Zusätzlich werden von einer Superklasse (FighterKIMoves) Methoden
für Berechnungen bereits vorgegeben.
(zb. ob der Kämpfer genug Energie hat den Angriff x auszuführen)

Man kann aber auch von Grund auf alles komplett selber machen,
wenn man will.


Das wichtigste wäre erstmal zu schauen wie das Spielgeschehen
funktioniert, Attacken usw...


Ich weiß jetzt nicht was ihr von der Idee haltet,
aber kann ja sein dass es jemand gibt der Lust hat bei sowas mitzumachen 

Ich habe bereits fast alle Implementierungen dafür geschrieben,
jedoch warte ich jetzt erstmal auf Feedback,
bevor ich mir jetzt mit viel Aufwand da ein ganzes System aufbaue.


mfg BRoll


----------



## TimeIsTheKey (14. Okt 2012)

Ich persönlich habe momentan keine Zeit mitzumachen, aber ich wollte dir ein kleines Feedback geben. Erstmals Respekt, sieht sehr gut aus. Wieviel Zeit hast du investiert? Die Steuerung sieht aber zugegebenermassen ein bisschen schwammig aus.

Die Idee verschiedene AI's gegeneinander antreten zu lassen gibt es schon. Ich weiss nicht ob es dafür eine spezielle Bezeichnung gibt, aber bei der AI Challenge von Google wird der Gewinner mit den meisten Siegen ermittelt. Natürlich haben alle die gleichen Chancen und die gleiche Anzahl Kämpfe.


----------



## Marco13 (14. Okt 2012)

Ja, die Zeit ist immer so eine Sache. Aber... gibt's da dann irgendwo eine API-Doku dazu?


----------



## Apo (15. Okt 2012)

Die Videos sehen auf jeden Fall ganz spannend aus. Respekt für die Arbeit bisher. *thumbsup*

Das Duell mit den KI's reizt mich auch immer. Habe ich auch ein paar Mal versucht (ApoIcejump, ApoSoccer, ApoMario, ApoSkunkman etc), aber wenn die Leute nicht gezwungen werden oder durch schöne Preise gelockt, machen die wenigsten mit. So ist jedenfalls meine Erfahrung.
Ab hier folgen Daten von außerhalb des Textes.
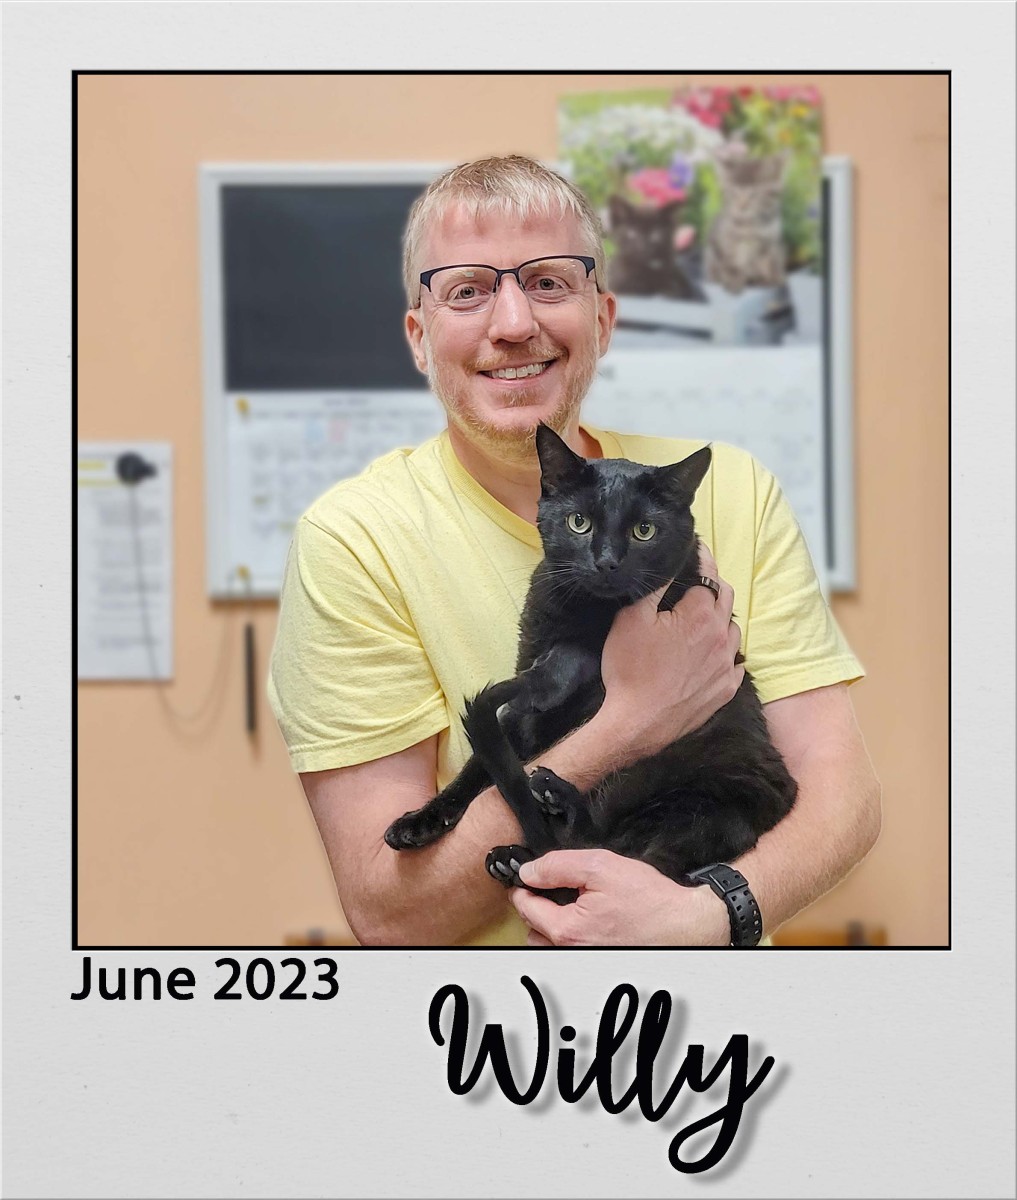 Adopt-Willy-June2023

Aber um nicht zu negativ zu klingen, wünsche ich dir viel Erfolg und frage genau wie Marco nach der API-Doku.


----------



## BRoll (15. Okt 2012)

Ja ich wollte erstmal wissen ob da überhaupt jemand interesse hätte 

Ich schreib dafür jetzt extra nochmal eine vereinfachte Steuerungsklasse
die alle Grundmethoden für nötige Berechnungen vorgibt -
dann natürlich mit API-Doku. Im Moment hab ichs so ähnlich gemacht,
aber nocht nicht so ganz benutzerfreundlich.

Mit der investierten Zeit kann ich nicht genau sagen, ich hab das Projekt
vor ein paar Monaten angefangen, nach etwa 3 Wochen sahs dann so aus:
Java Dragonball Z Fighting Game - YouTube
(nur noch ein bisschen älter )

Ja und dann hatte ich in lezter Zeit wieder Lust und genügend Zeit da weiter
zu machen, und jetzt gehts grad hammer schnell voran  xD
Jeden Tag neue Features oder mehr Kämpfer.....
Und an der grafischen Darstellungsweise hab ich viel rumgetüfftelt,
weil mir vieles noch nicht so gefallen hat.

Wie meinst du dass die Steuerung schwammig aussieht?
Versteh ich nicht ganz :noe:


----------



## s4ke (15. Okt 2012)

Zuerst: Super Spiel.

Zum Thema KI-Fight: Aber bitte doch. Würde gerne mitmachen (wenn ich genug Zeit im Semester habe).


----------



## BRoll (21. Okt 2012)

So ich hab mal wieder ordentlich dran weitergemacht.

Dank nun eingebautem Multiplayer ist es auch möglich
mehrere KIs gleichzeitig gegeneinander antreten zu lassen-
aber seht selbst:
Multiplayer Video

Arbeite gerade dran das Lan/Online fähig zu bekommen-
dauert noch ein bisschen aber geht voran.

Am KI-System habe ich auch weitergearbeitet,
da sich aber im Moment noch viel ändert am Projekt
warte ich lieber bis mal eine Version 1.0 fertig ist -
dann könnt ihr hier loslegen mit KIs schreiben.

Ich meld mich wieder wenns was neues gibt 

mfg BRoll


----------



## Robokopp (26. Okt 2012)

Sieht auf jedenfall Klasse aus 
Es gab mal so was ähnliches, das hieß LemmingBallZ, hatte aber ziemliche Macken.
Deine Version sieht ziemlich stabil aus.


----------



## BRoll (28. Okt 2012)

@Robokopp:

Stimmt hab auch mal was von gehört, aber nie selber gespielt.

@DSBZ

War mal wieder am tüffteln:

New Features Video

Und ein bisschen Spaß muss auch sein:

Ultimate Battle 

Inwiefern dies alles die KI Steurung betreffen wird,
kann ich noch nicht genau sagen.
Der Einfachheits halber lassen wir mal Cyborgs außen vor,
da diese anders aufgebaut sind (Ki Laden hat andere Funktion).
Eingebaut wird noch das Transformieren, die Standard-KI weiß dann ob
sie sich transformieren kann und kann dann auch darauf hinarbeiten.
(als Taktik sozusagen)
So Special-Moves wie Körpertausch oder der Sonnenblitz haben
auch einen taktischen Einfluss, ob ich die KI aber so feinfühlig 
gestalte weiß ich noch nicht. 

Bei eigenen KIs kann mans natürlich auch selber entscheiden.


----------